Smaller Mac Pro with Apple Silicon to join Mac mini refresh in 2022

Posted:
in Future Apple Hardware edited January 2022
An Apple Silicon version of the Mac Pro is on the way, a report predicts, with Apple also expected to release an updated Mac mini in 2022.




Apple is pushing to release Apple Silicon hardware to replace Intel-based Macs as part of an aggressive two-year transition schedule. It seems that 2022 will see Apple complete the shift, with it finally offering a high-end Mac aimed at enterprise users.

According to predictions made in Mark Gurman's "Power On" newsletter for Bloomberg on Sunday, a new Mac Pro running Apple Silicon will launch in the year. Gurman reckons that the model will be a smaller counterpart to the existing Mac Pro design, while also packing considerable performance gains from using Apple's own chip design.

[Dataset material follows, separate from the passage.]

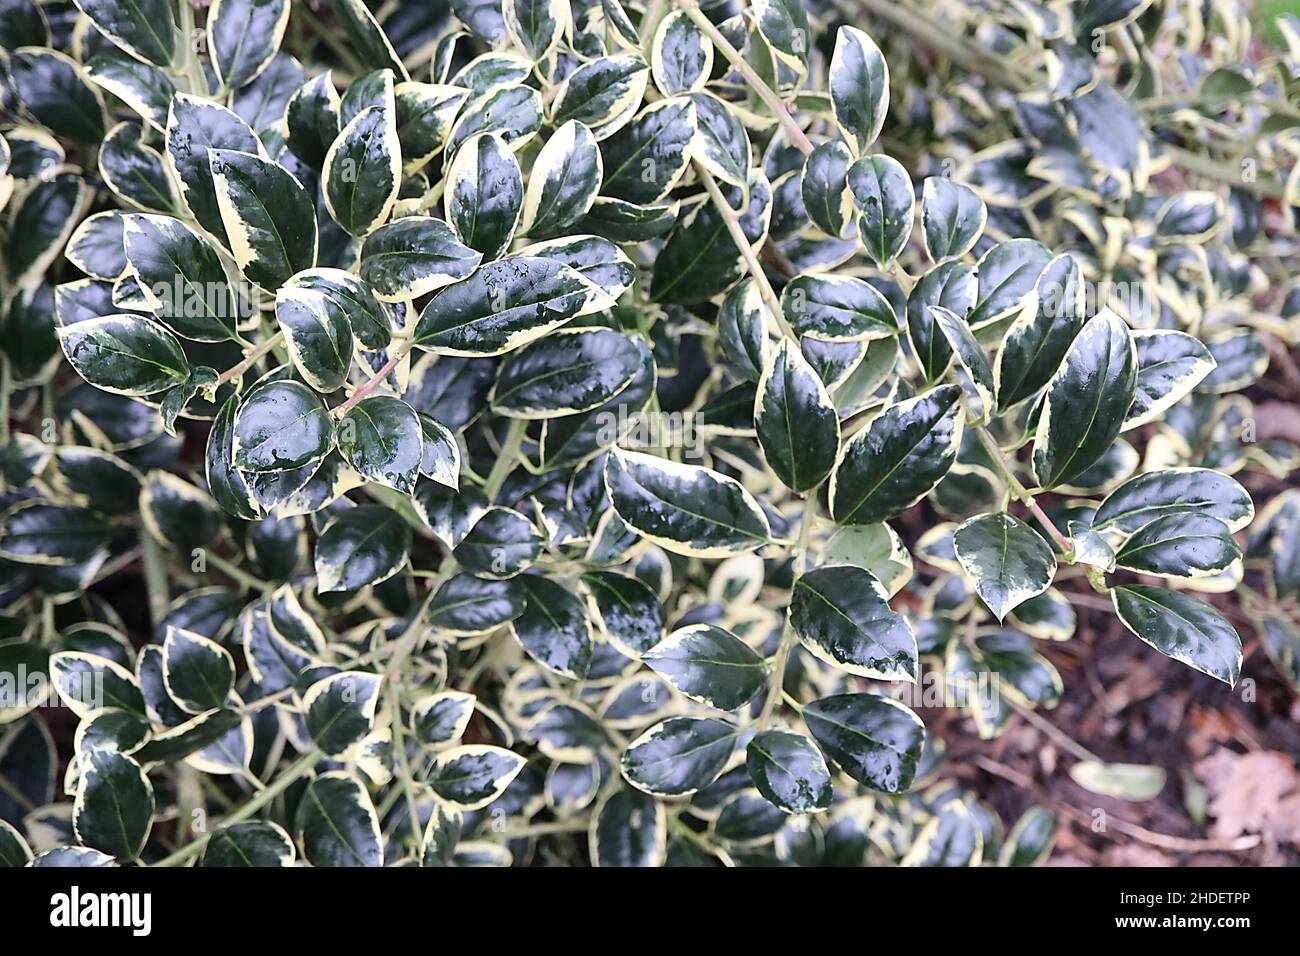 Ilex aquifolium ‘Silver Van Tol’ holly Silver Van Tol – downcurved dark green leaves with pale cream margins,  January, England, UK Stock Photo

Gurman says the Mac Pro version of Apple Silicon will include a chip with up to 40 cores in the CPU, along with a 128-core GPU. Previously, Bloomberg claimed the Apple Silicon Mac Pro would use 20-core or 40-core CPUs, as well as 64-core and 128-core GPU options.

It was also claimed by Gurman in August 2021 that Apple will "barely hit its two-year timeline" for the Apple Silicon transition.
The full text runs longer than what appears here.